Motor Vehicle Whistleblower Act Aims to Reduce Defect-Related Accidents

In the wake of several high-profile, and deadly, motor vehicle accident cases, the U.S. Senate has approved an incentive for automotive industry whistleblowers. The Thune-Nelson Motor Vehicle Safety Whistleblower Act encourages auto industry employees, contractors, and others to report vehicle defects and other safety problems that could result in serious injury or death. The incentive is quite substantial. In fact, if penalties are imposed by the Department of Transportation or U.S. Department of Justice, whistleblowers may receive up to 30 percent of penalties in excess of $1 million.

The intent of the act is to encourage auto employees, contractors, manufacturers, suppliers, and dealerships to report information that could prevent unnecessary accidents. The legislation is modeled after existing Internal Revenue Service and Securities and Exchange Commission whistleblower protections that help prevent tax fraud and illegal investment activities.

Bipartisan Act Will Encourage Automotive Workers to Report Safety Defects

The Thune-Nelson Motor Vehicle Safety Whistleblower Act was approved by the Senate Committee on Commerce, Science, and Transportation in November of last year. United States Senators John Thune and Bill Nelson introduced the bipartisan Act. “While I believe most manufacturers are dedicated to putting vehicle safety first, there have been disappointing examples where that did not happen and Americans died and sustained serious injuries,” Thune stated. “This legislation will be a powerful tool to help ensure that problems regarding known safety defects are promptly reported to safety regulators.”

“The auto industry needs to be held accountable if it makes decisions that result in serious injuries or deaths,” Nelson said, “ And, one way to do that is to encourage insiders to come forward and tell the truth.”
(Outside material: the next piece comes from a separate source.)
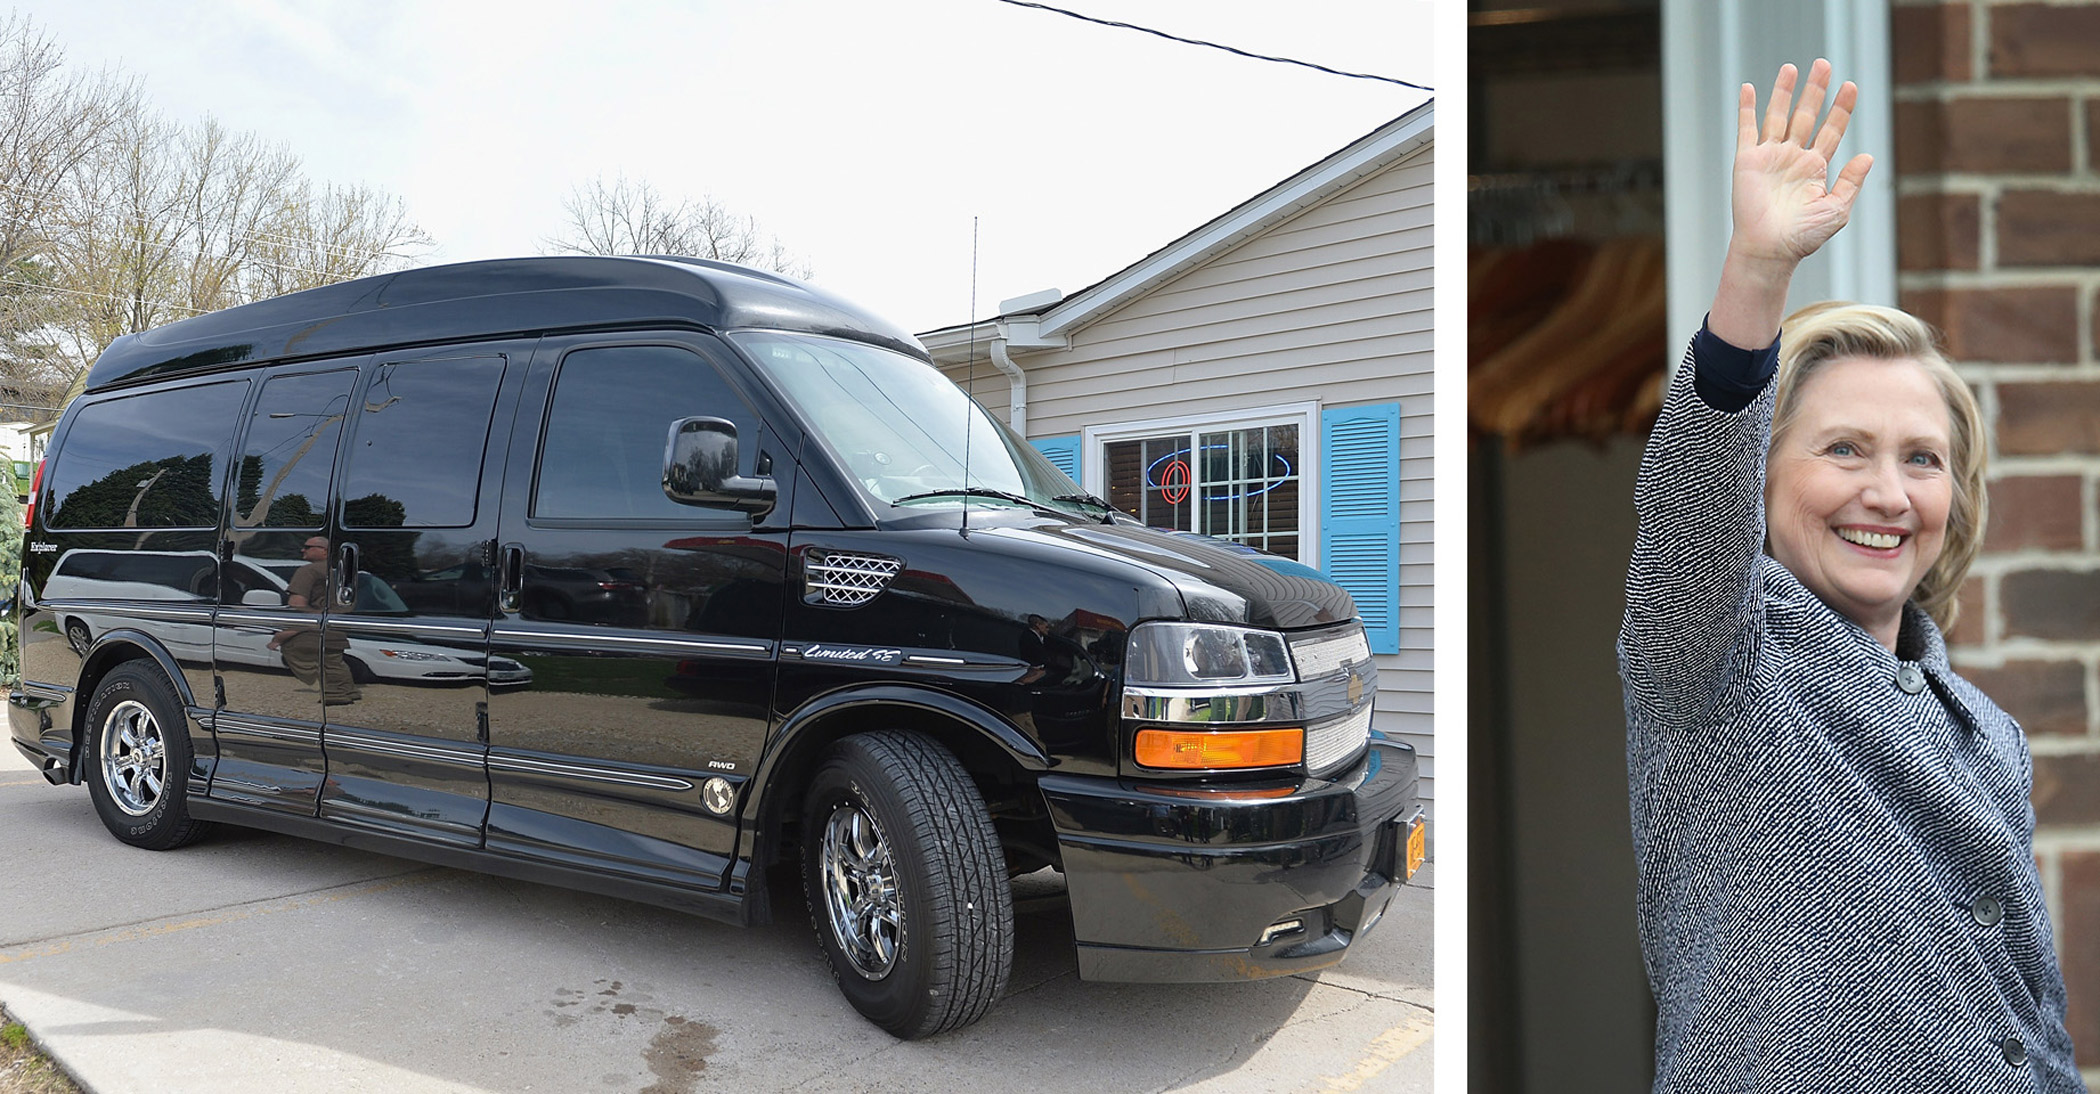 Democratic presidential candidate Hillary Clinton's van, at left, is parked during a campaign visit on April 14, 2015 in Le Claire, Iowa. Clinton, at right, waves after an even on May 18, 2015 in Mason City, Iowa.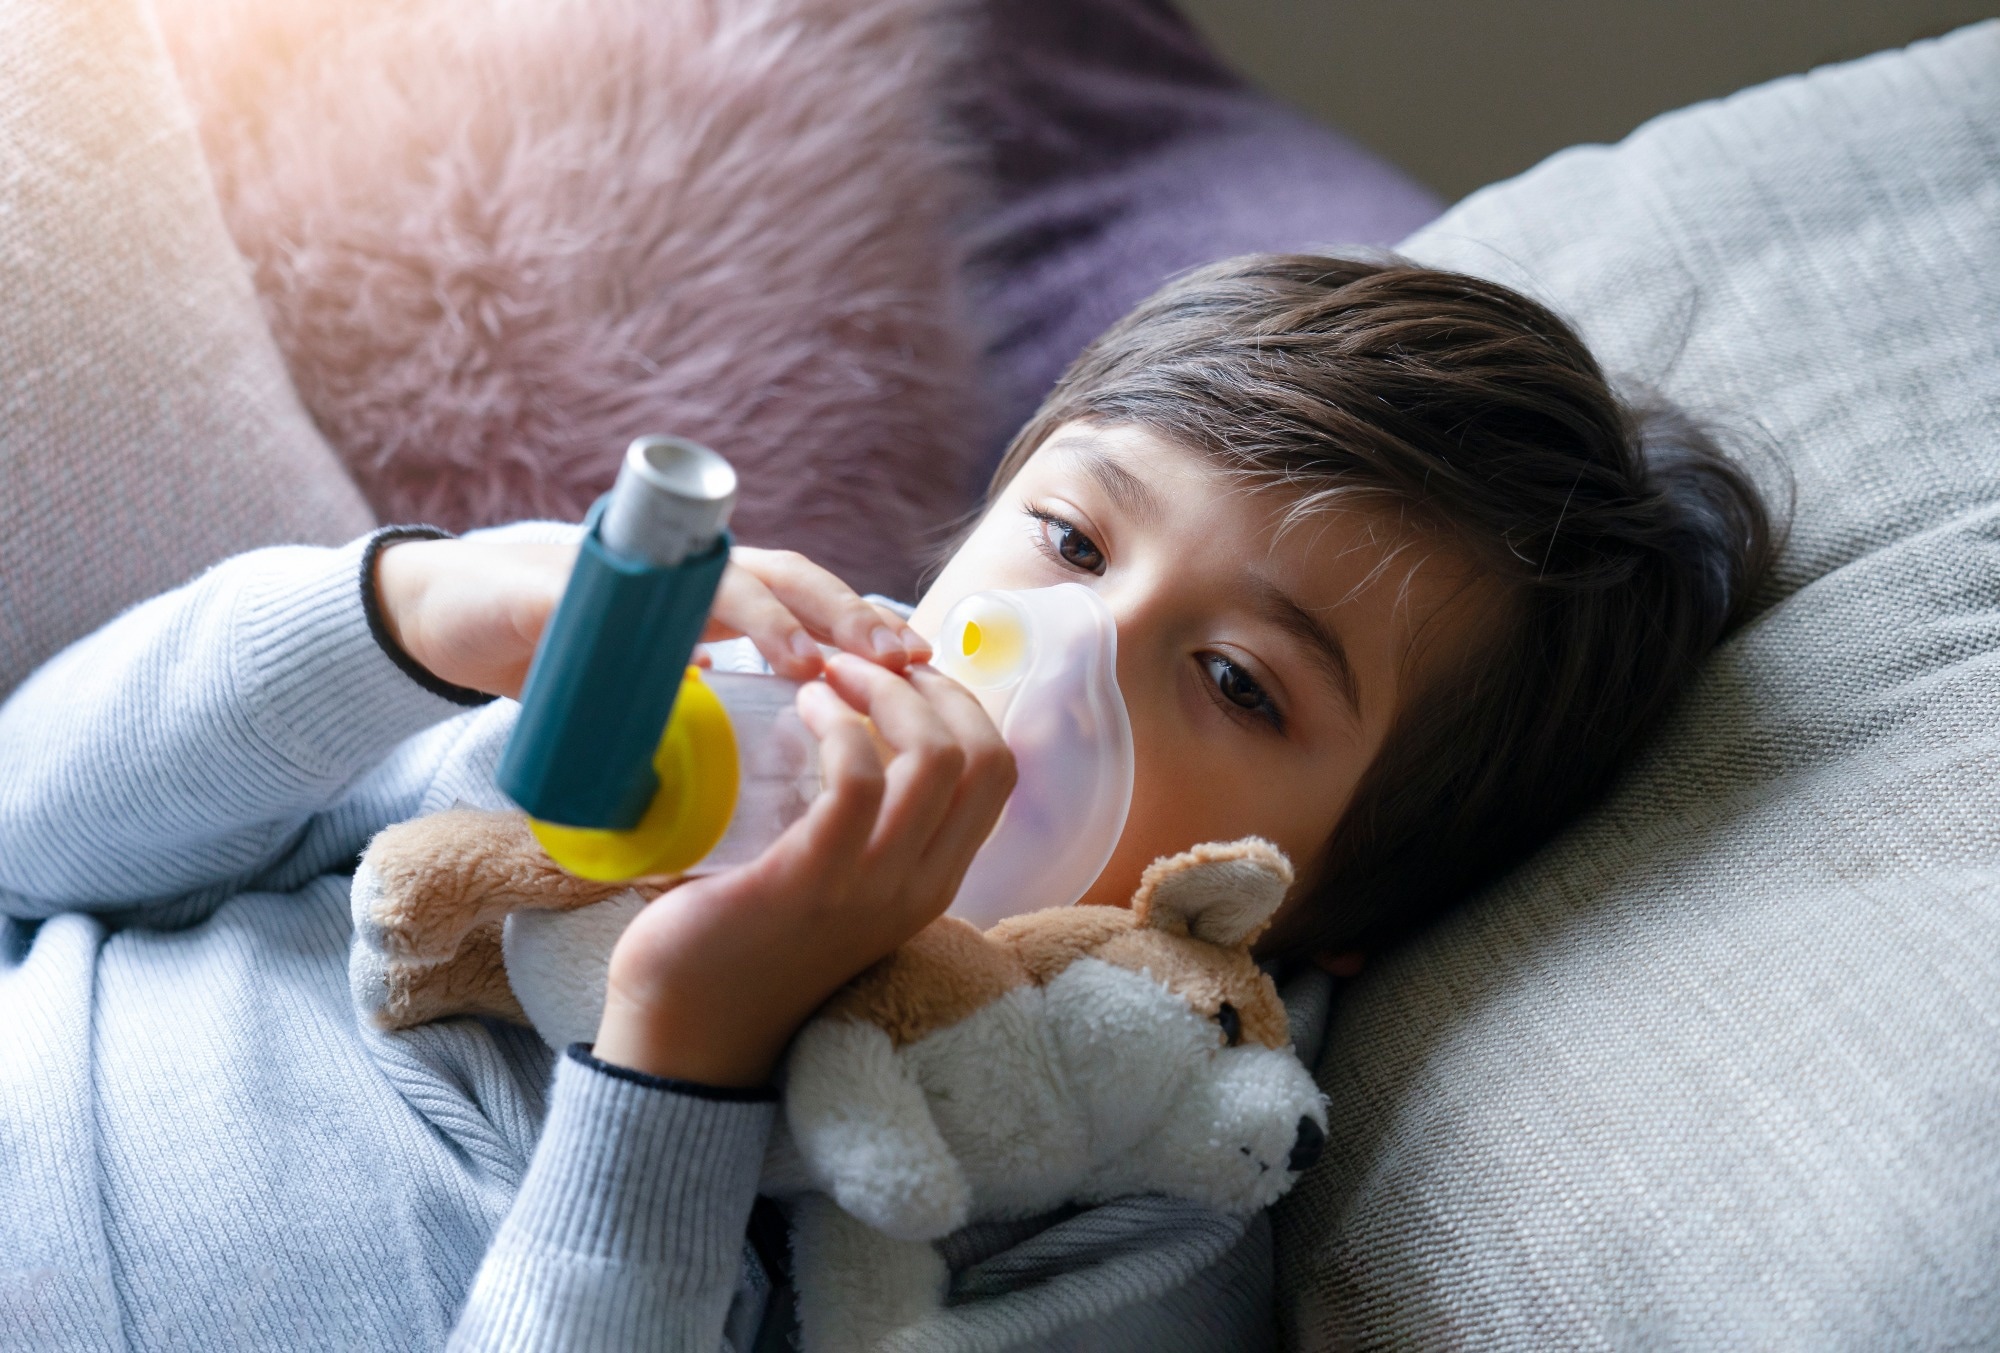 Study: Early-Life Exposure to Air Pollution and Childhood Asthma Cumulative Incidence in the ECHO CREW Consortium. Image Credit: Ann in the UK / Shutterstock

Faulty Ignition Switch in GM Vehicles Linked to 153 Deaths

In the last two years, several major automotive defects resulted in multiple fatalities, and subsequent recalls by companies such as Honda and General Motors. A defect in Takata air bags is linked to five deaths and 30 injuries in Honda vehicles. A faulty ignition switch in GM vehicles has been linked to 153 deaths. In May of this year, GM paid $35 million, a record, to the National Highway Traffic Safety Administration. If that defect had been reported by a whistleblower, he or she may have been awarded up to $10.5 million based on the bill’s schedule of compensation.

The Whistleblower Act also does away with the $35 million cap on fines for automakers that purposely delay recalls. In addition, it increases the cap on per-vehicle fines from $5,000 to $25,000. Although the whistleblower payouts may seem exceptionally high, they pale in comparison to the costs of lawsuits and settlements if defects result in injury or death. More importantly, however, the Act may save lives. Considering that over 150 deaths have been linked to the GM ignition defect, this is no small accomplishment. While the vast majority of automotive workers are doing their best to produce safe vehicles, there are some exceptions. The NHTSA believes that the substantial incentive for automotive workers to report negligence and defects will significantly reduce the number of defect-related injuries and fatalities.